Reading Into Book Sales

A recent flurry of press attention to the suggestion that Secretary Clinton could use data from her upcoming book tour to aid her presidential campaign caught our attention.

Ultimately, Simon & Schuster said that Clinton would “unequivocally” not have access to data they’re collecting.

But if she does decide to run, that data could be extremely useful, if used in the right way.

It used to be that you could tell a lot about a person by what they kept on their bookshelves. Today, even with the proliferation of electronic publishing, we can still use what people choose to read in their spare time as a lens to predict their voting behavior. You still can’t judge an e-book by its cover, but you can learn a lot from the patterns of the people buying it.

As a general rule, organizations should be collecting data on every interaction they have with people, in every channel. Whether they are ready to put it to use today, or planning for a potential future.

When it comes to book purchases, retailers will never release the individual data they collect on purchases. (And this is probably a good thing.) However, it is certainly feasible to release sales data by small units of geography, like county or ZIP code – either publicly, or to publishers and authors.

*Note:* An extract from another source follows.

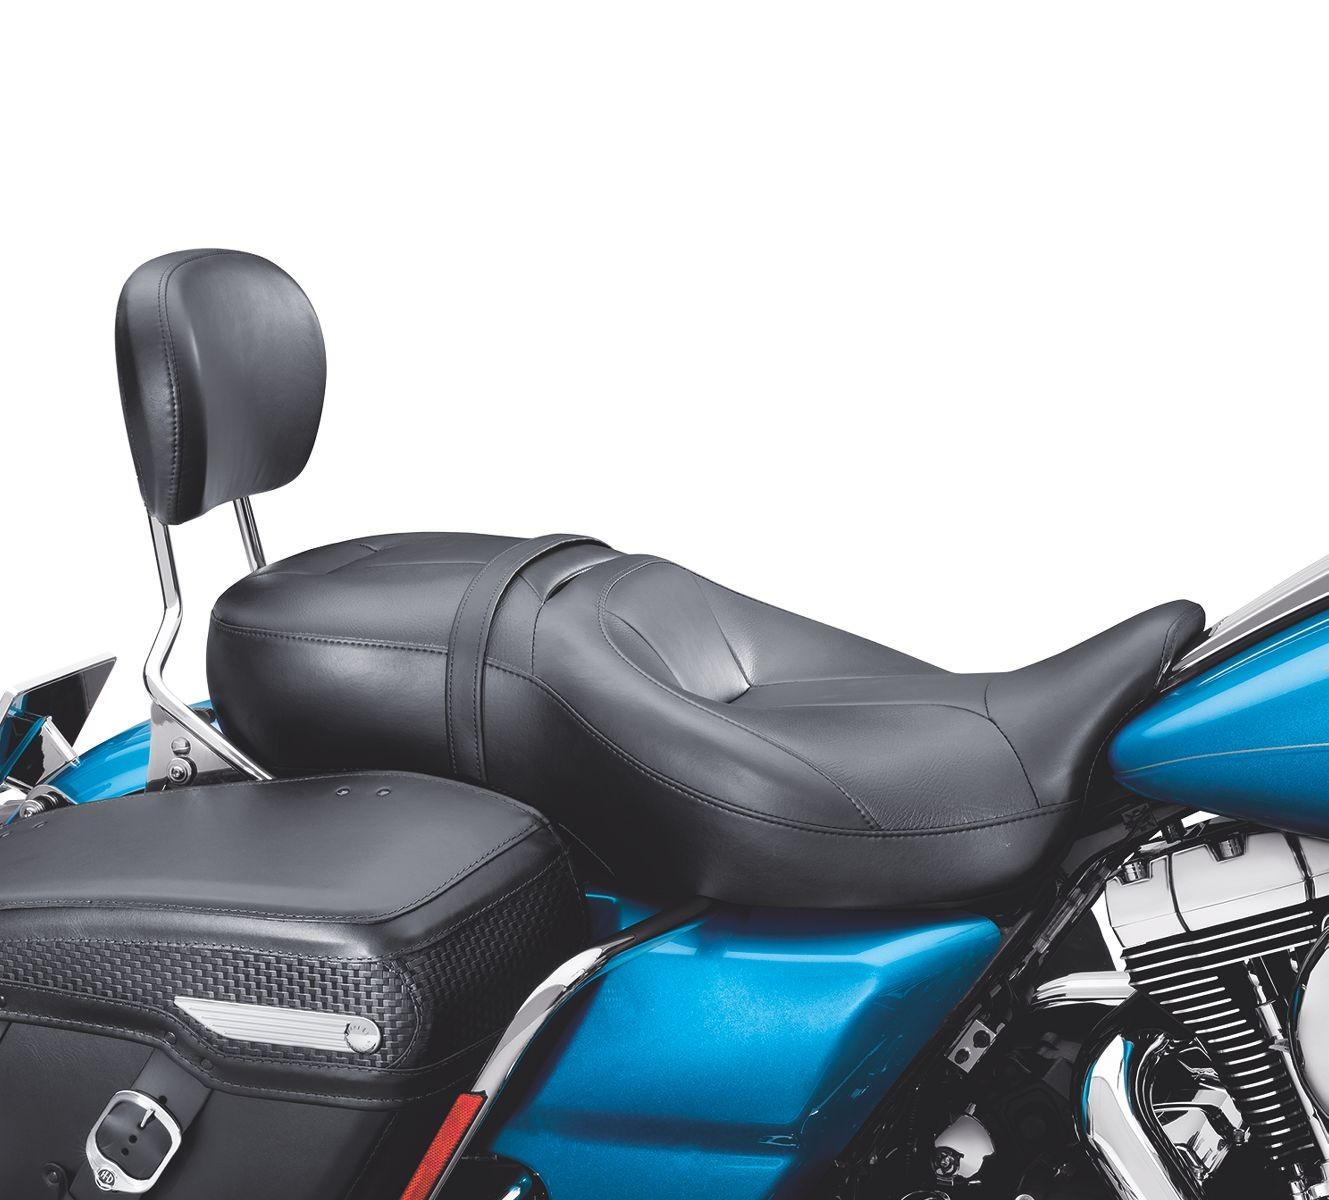 hight resolution of 52000004a harley davidson harley hammock heated rider and passenger touring seat chester harley davidson

This data would be incredibly useful for directly targeting or modeling support at a geographic level, particularly in instances where we can identify specific books which closely track voter’s expressed preferences and likely behavior.

Specific titles can provide a lot of insight into expected behavior all across the political spectrum:

Examples from current best-seller lists: Thomas Piketty’s “Capital in the 21st Century” / Elizabeth Warren’s “A Fighting Chance” / Ben Carson’s “One Nation” / Tim Geithner’s “Stress Test” / Arianna Huffington’s “Thrive: The Third Metric” / Sheryl Sandberg’s “Lean In”.

On the individual level, we can predict with a fair degree of certainty how a buyer of any of these books might vote. But people buy books for lots of reasons, and we caution against making the mistake of directly imputing a political bent to a reader who might pick up a book simply for reasons other than to satiate their ideological views.

But, in the aggregate, we can use purchases of certain titles to contribute to predicting expected voting outcomes at the individual, group and geographic levels.

In the 2008 and 2012 general elections, campaigns had a very basic sense of this dynamic, as book releases by candidates like President Barack Obama’s best-selling “The Audacity of Hope” and Senator Rick Santorum’s “It Takes a Family” set the stage for political movements. But the e-book industry was then a mere fraction of what it is today.

With the 2014 midterms around the corner, and the 2016 presidential primary season to follow soon on its heels, to get a sense of where their prospective voters’ hearts are leaning, smart campaigns will be wise to consider their potential supporters’ bookshelves in addition to their voting behavior.

Michael Simon is President and co-founder of HaystaqDNA. In 2008, he ran the in-house Obama for America analytics department.

Mo’ Data, Mo’ Problems?

Society is just beginning to understand the potential of ‘big data’. It’s estimated that 90% of the world’s data was created in the past few years, and the computing power needed to harness that information is growing quickly to keep up.

This rapid change means it’s important for policy makers to begin thinking now about the appropriate role of government in the field. Advancements in technology aren’t going away, but are only just coming to maturity — and we need to quickly figure out how to create a regulatory environment that balances privacy concerns with encouraging innovation that can unlock the incredible potential of data analytics. The Obama Administration’s review is an important start.

Recent news reports about the review’s results have focused on the potential misuse of big data, particularly ways it could exacerbate discriminatory hiring practices. But there are also a growing number of examples where big data can be used to protect against discrimination by rooting out the unfairness that sometimes accompanies human bias.

In one famous example, corporations have used analytics on vast consumer datasets to predict when women may become pregnant, so that they might market diapers and baby strollers to these women. In the wrong hands, those very same predictions could potentially be used to avoid hiring women who are likely to become pregnant in the near future.

While the government should take steps to prevent this type of corporate abuse, the sheer proliferation of data and technology will make it exceedingly difficult to prevent corporations from engaging in consumer analysis. Instead, we should learn to use the same data sets and analysis to identify and prevent abuse before it occurs.  If, for example, a review of hiring decisions indicated that job candidates with a greater predicted likelihood of having children are being hired at different rates, policymakers could use that information to stop such practices. Similarly, researchers using big data to predict crime are finding it can also help exonerate inmates who may have been wrongly convicted.

We believe that any organization dealing with data – big or small – has a responsibility to safeguard individual data while developing new ways of using new technology and resources for the greater good.

Smart use of data may not represent a solution to everything, but by finding patterns in apparently random behavior, it has the potential to give us unique insights into many of the most intractable problems in society today. Discrimination is one of those problems. We support starting an intelligent debate over how to balance human necessities like privacy and security with society’s needs for justice and innovation. At HaystaqDNA, we’re eager to get this conversation started, and excited to explain how data doesn’t need to intrude on our boundaries to expand our horizons.

Michael Simon is President and co-founder of HaystaqDNA. In 2008, he ran the in-house Obama for America analytics department.